What Is The Difference Between Dementia And Delusions?

When focusing on hospital admissions/stays the word delusions pops up a lot, especially when describing our elderly population. What is the difference between delusions and dementia? Here’s an explanation.

Dementia is a decline in your mental ability such that it affects your activities of daily living or ADL’s. These ADL’s are: grooming, toileting, eating, taking medications, decision making, loss of reasoning skills, and reduced visual perception. Unless the dementia is caused by depression, low B12 levels, or thyroid insufficiency dementia is not reversible at this time. There are many diseases that have dementia as a symptom of the disease such as Alzheimer’s Disease, Vascular Disease, Lewy-body Dementia, Fronto-temporal Dementia, Posterior-cortical Dementia, Parkinsons Disease, Multiple Sclerosis, AIDS, Korsakoff’s Syndrome (Alcoholism), brain trauma, and others.

Delusions are beliefs that are held by a person despite evidence to the contrary (faulty judgement), in other words against reality. An example would be someone thinking that their spouse is unfaithful when there is no real evidence that this is true. The person cannot separate what is real versus what is imagined. People with this disorder usually can still function normally as part of society with the exception of their delusion.

Delusions can occur in middle to later life although it is not a common occurrence out in the community. It is more likely associated with a hospital stay due to surgery, a long hospital stay for disease management where infection, pain killers, sleeping pills, sedatives are used or where the conditions of dehydration, poor nutrition, sleep deprivation, isolation, and medication changes are involved (In these cases especially surgery, delusions can appear quite suddenly). It can also occur in those patients diagnosed with dementia or in those patients who already have a frail constitution.

Once the triggers are found and addressed, it can take weeks to months to fully recover from them. It was found in a look-back study by The Center For Advancing Health in a November 8, 2011 article (www.cfah.org/delusions) that elderly hospital patients with delirium are more likely to die within the year following their delusion diagnoses!

The first signs of delusional thinking are confusion, disorientation, impairment of language skills either understanding or speaking (dysphasia), slurred speech (dyarthria-due to muscle weakness), tremors, hallucinations (seeing or hearing something that isn’t there), and short term memory loss.

Delusions can occur as part of substance abuse, psychoses, and schizophrenia as well. The delusions are divided into the following categories:

Jealous – beliefs that a mate/partner is unfaithful.

Erotomanic – beliefs that someone famous is in love with them (leads to stalking behavior)

Grandiose – having an overly-inflated self worth, identity, sense of power, or that they are more knowledgeable than those around them.

Persecutory – the belief that they or someone they know is being harmed or mistreated, or someone is planning to do this in the future as evidenced by repeated complaints to the police.

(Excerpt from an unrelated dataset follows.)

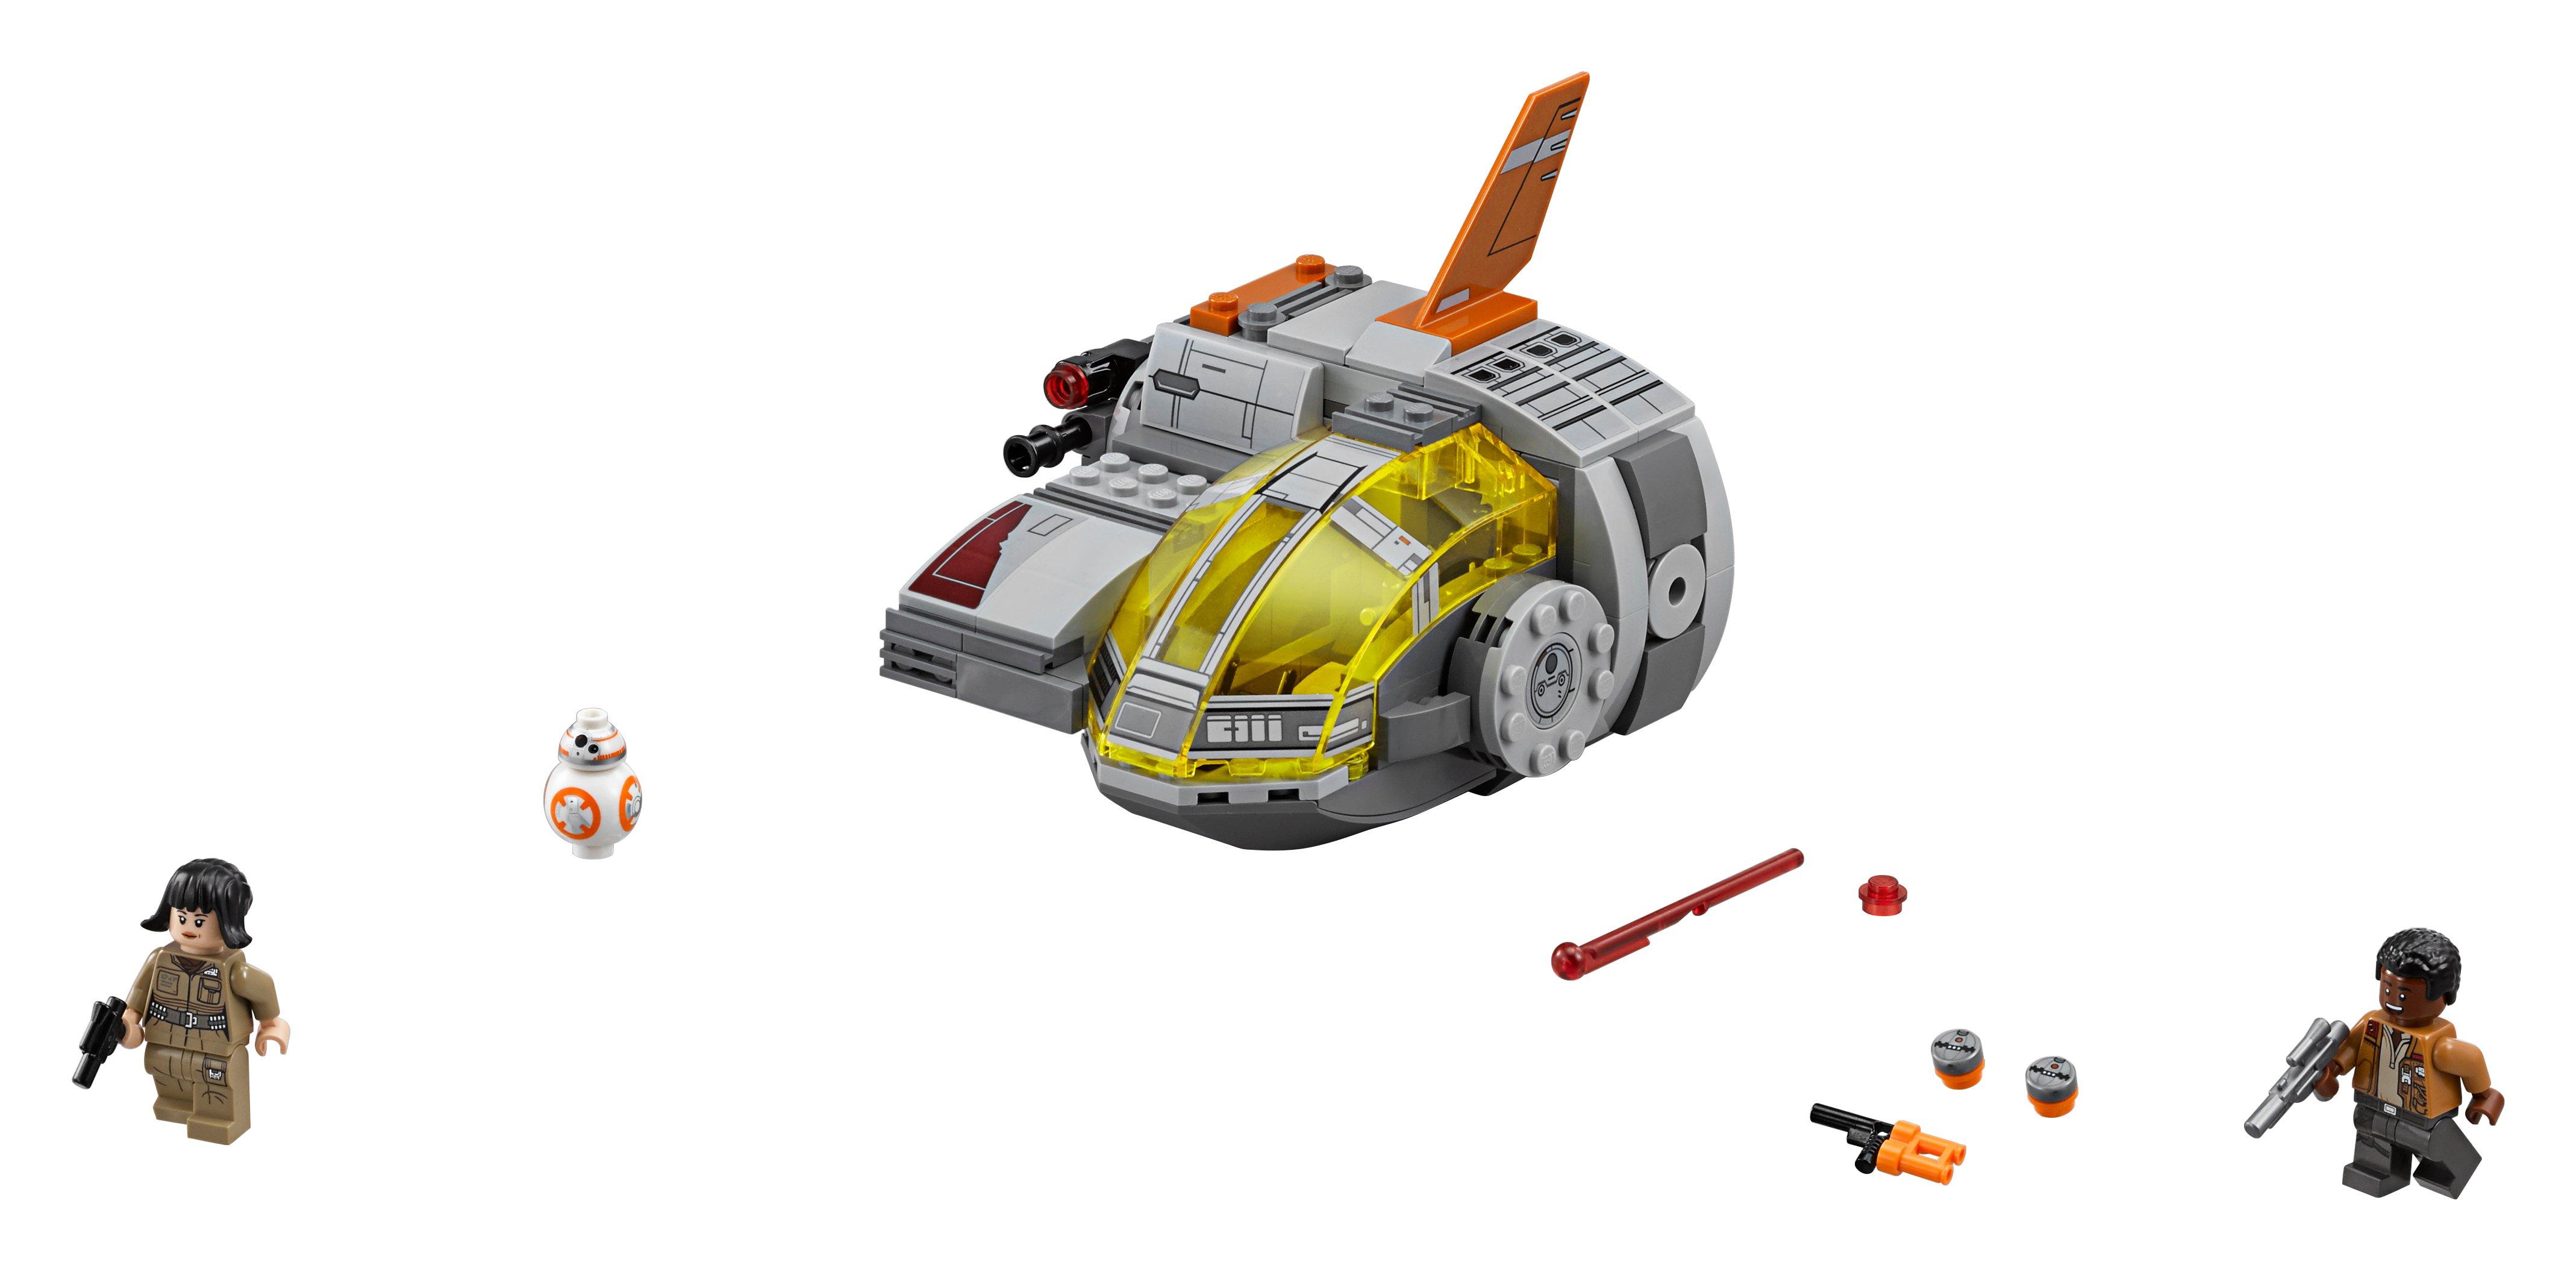 LEGO®  75176 Resistance Transport Pod™ 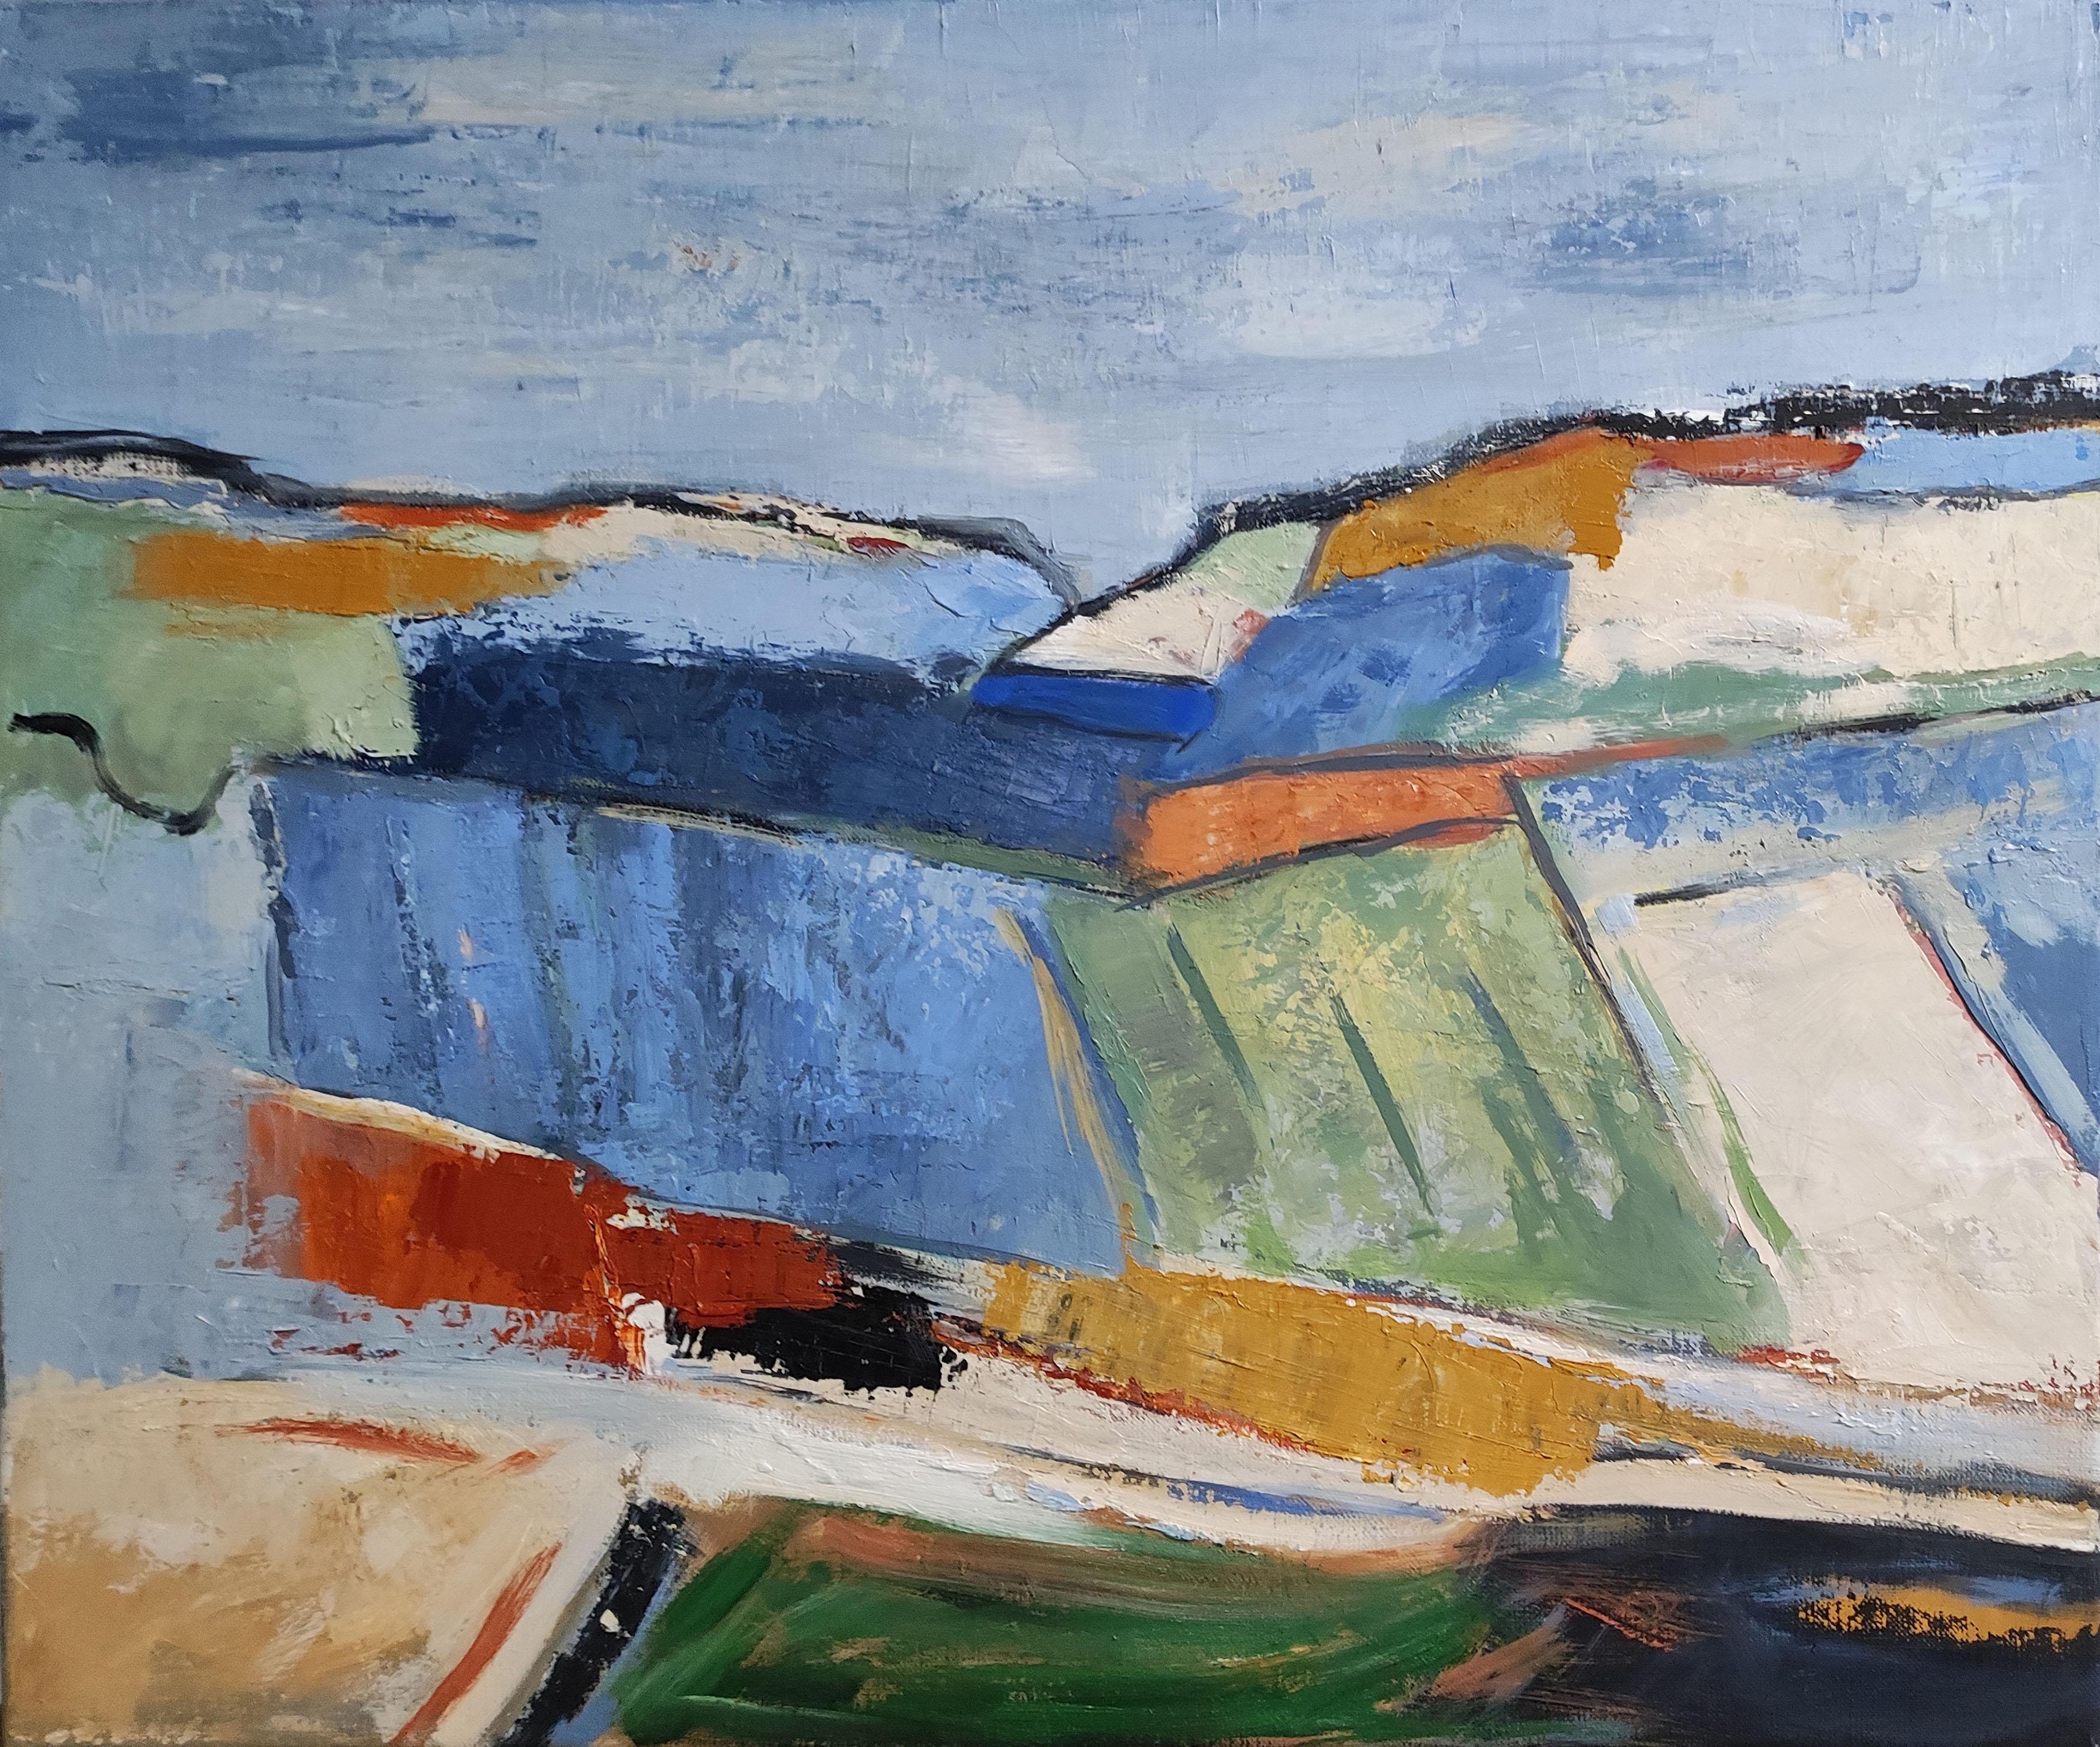 Geometrische Landschaft, unaufdringlich, farbig, Öl auf Leinwand  Textur, Expressionismus – Painting von SOPHIE DUMONT

Somatic – the belief that they have an unsubstantiated disease or condition.

Mixed – more than one of the above.

The Cause Of Delusions: They are divided into genetic, biological, and environmental. There can be a genetic tendency to suffer from delusions. This is many times noted in their family history. In biological there are certain abnormalities in the brain that cause the brain’s neurotransmitters to malfunction. These are the chemicals responsible for relaying messages from one neuron to the next. The messages become interrupted and thoughts become skewed. In environmental the delusions may be triggered by stress, alcohol abuse, or drug abuse. Some examples are : immigrants isolated by lack of 2ndary language skills, people with poor eyesight, folks with poor hearing, etc. Isolation sometimes causes the brain to create stimulation when there is none from the surroundings.

Other symptoms of delusions include increased anger, lower mood, increased irritability, or the presence of hallucinations.

Because the hospital setting can trigger the onset of delusions due to isolation from their normal world, medication changes, lack of sleep, etc., it is no wonder that hospital personnel want patients to bring their glasses and hearing aids, get them up increasing their activity physically and mentally, and have the shortest stay possible so that they stay in touch with their world.

Thank you to the Cleveland Clinic for increasing my knowledge about delusions! https://my.clevelandclinic.org/health/diseases/9599-delusional-disorder

2 thoughts on “What Is The Difference Between Dementia And Delusions?”

  1. Good article. My grandmother suffered from both,but the delusions were more pronounced first and were found to be from B12 deficiency.

    1. Thank you, Susan. I had a friend whose dad went through bypass surgery, and when he came out of the anesthesia insisted that he crossed the Delaware with George Washington. He had no clue that it was the wrong century! He eventually did get better, but it took a couple of months!